EXERCISE REQUIREMENTS —
Return, exactly and in full, the lines of the records below starting at the one with "Technical Sgt. Mark" and ending at the one with "Meridian Therapy Solutions", and no other lines.

DATA RECORDS —

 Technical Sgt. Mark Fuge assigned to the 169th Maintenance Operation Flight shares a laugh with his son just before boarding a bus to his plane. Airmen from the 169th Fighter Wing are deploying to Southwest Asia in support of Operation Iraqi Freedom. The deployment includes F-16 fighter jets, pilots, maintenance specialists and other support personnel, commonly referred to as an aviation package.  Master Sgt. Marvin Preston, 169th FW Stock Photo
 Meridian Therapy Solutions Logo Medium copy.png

==

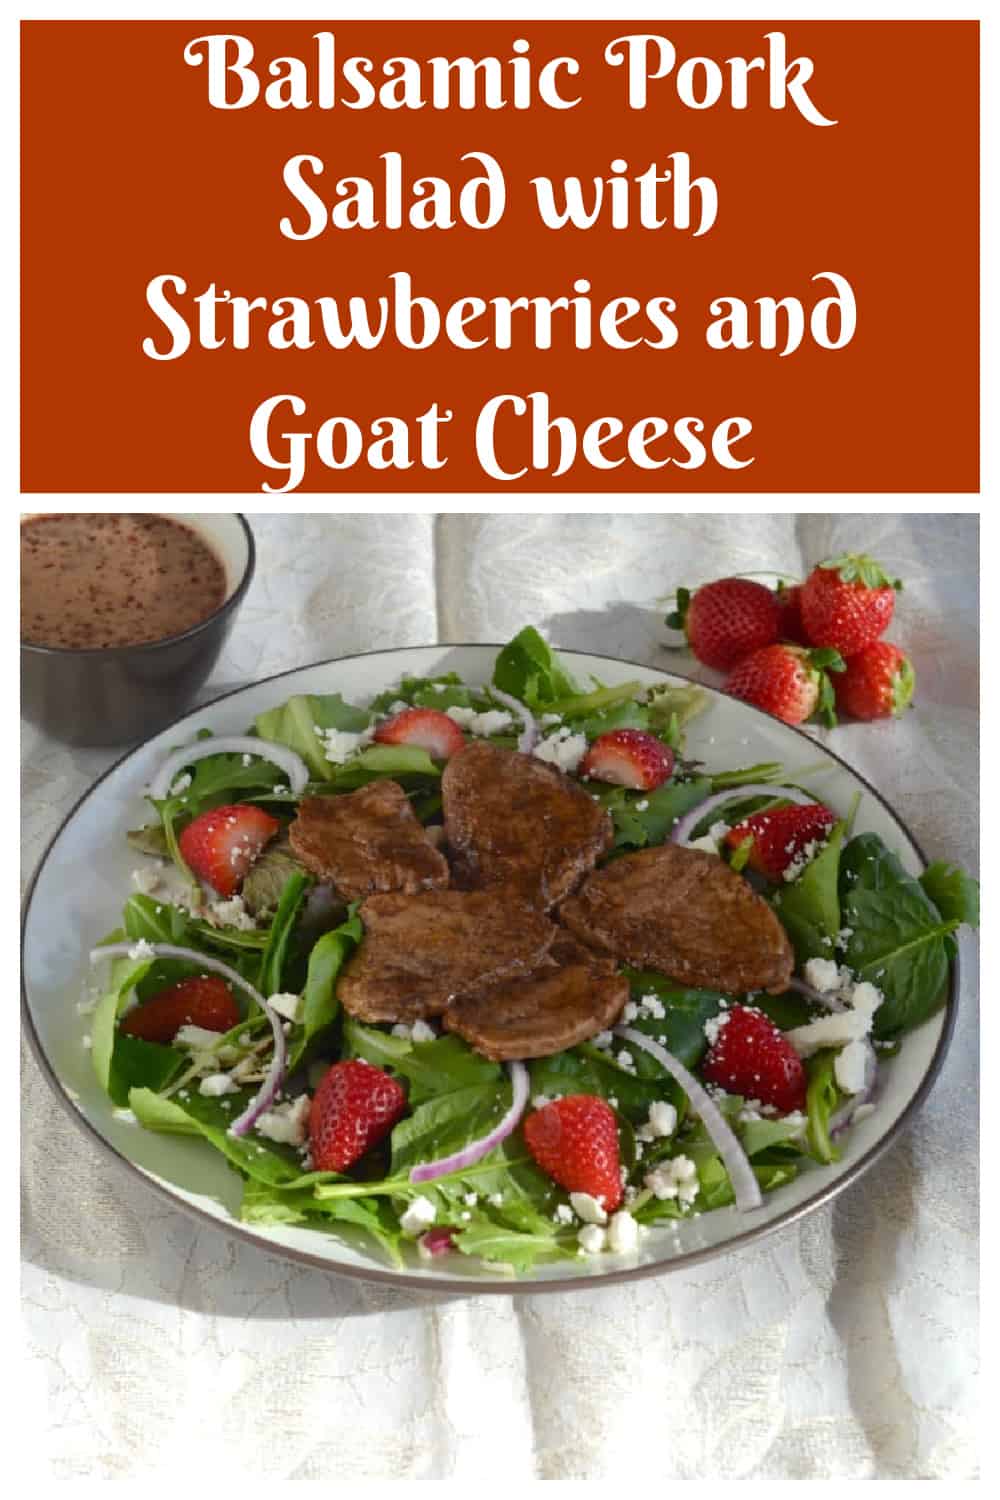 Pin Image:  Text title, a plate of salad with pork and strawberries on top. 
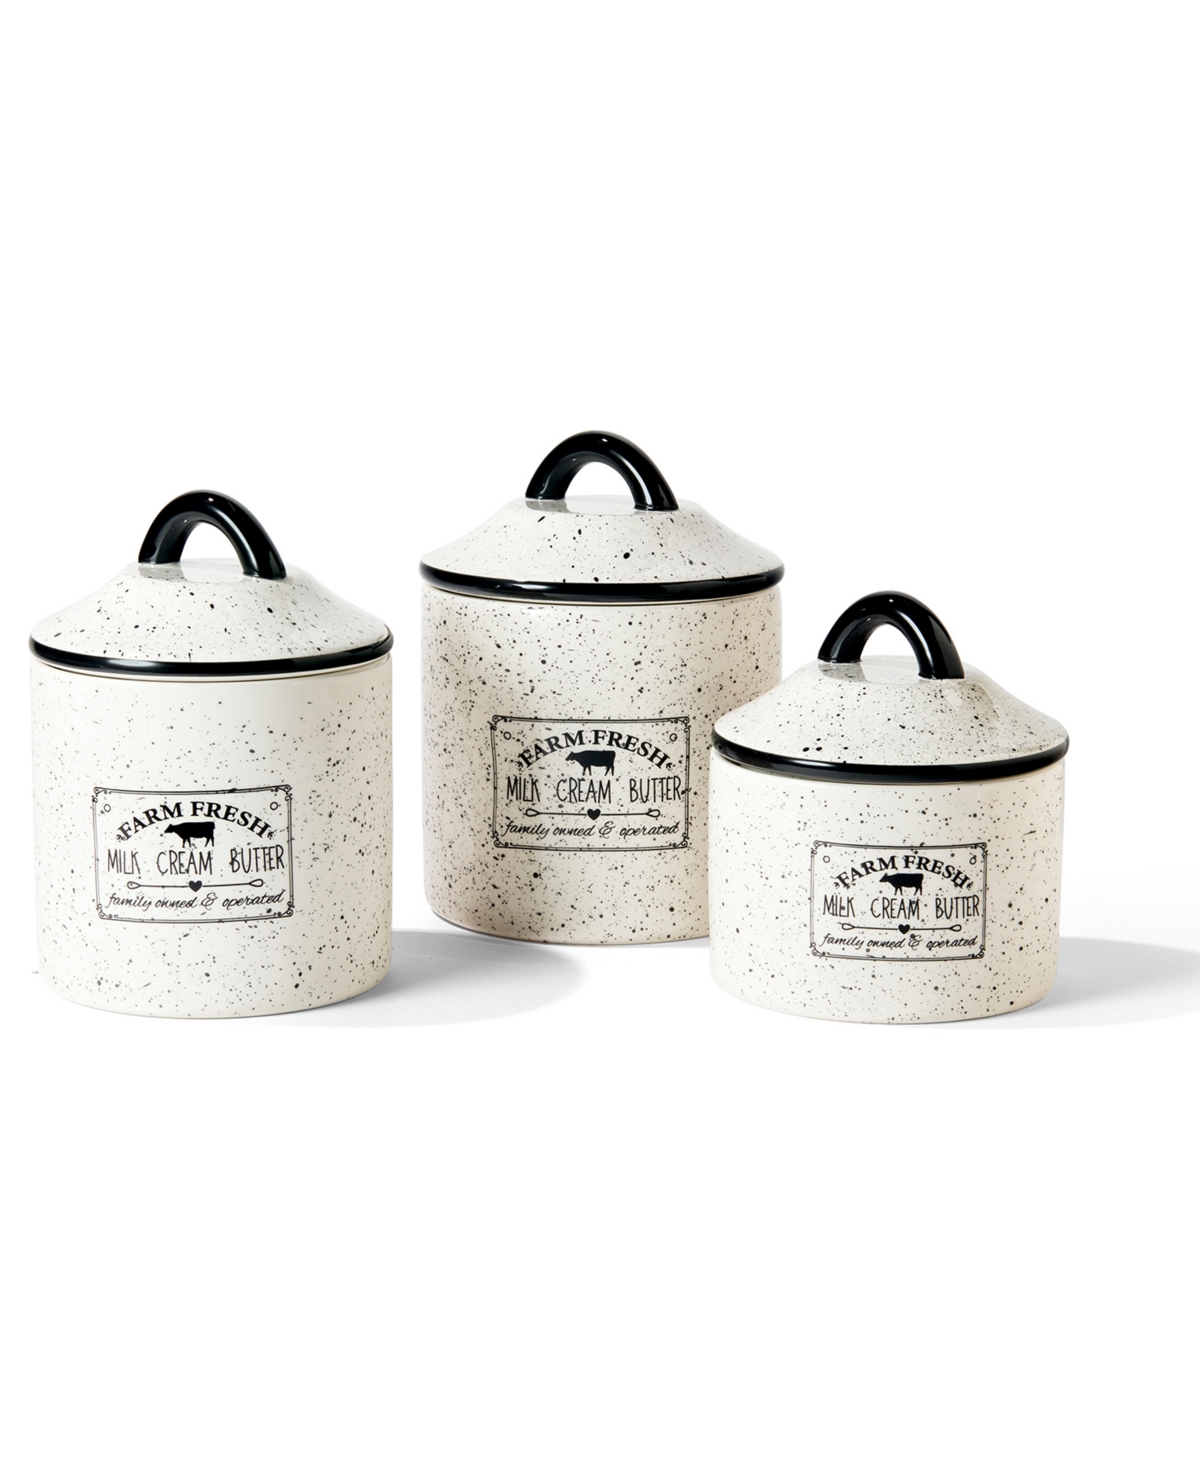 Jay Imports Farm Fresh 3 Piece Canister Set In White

ANSWER TO THE PROBLEM —
 Technical Sgt. Mark Fuge assigned to the 169th Maintenance Operation Flight shares a laugh with his son just before boarding a bus to his plane. Airmen from the 169th Fighter Wing are deploying to Southwest Asia in support of Operation Iraqi Freedom. The deployment includes F-16 fighter jets, pilots, maintenance specialists and other support personnel, commonly referred to as an aviation package.  Master Sgt. Marvin Preston, 169th FW Stock Photo
 Meridian Therapy Solutions Logo Medium copy.png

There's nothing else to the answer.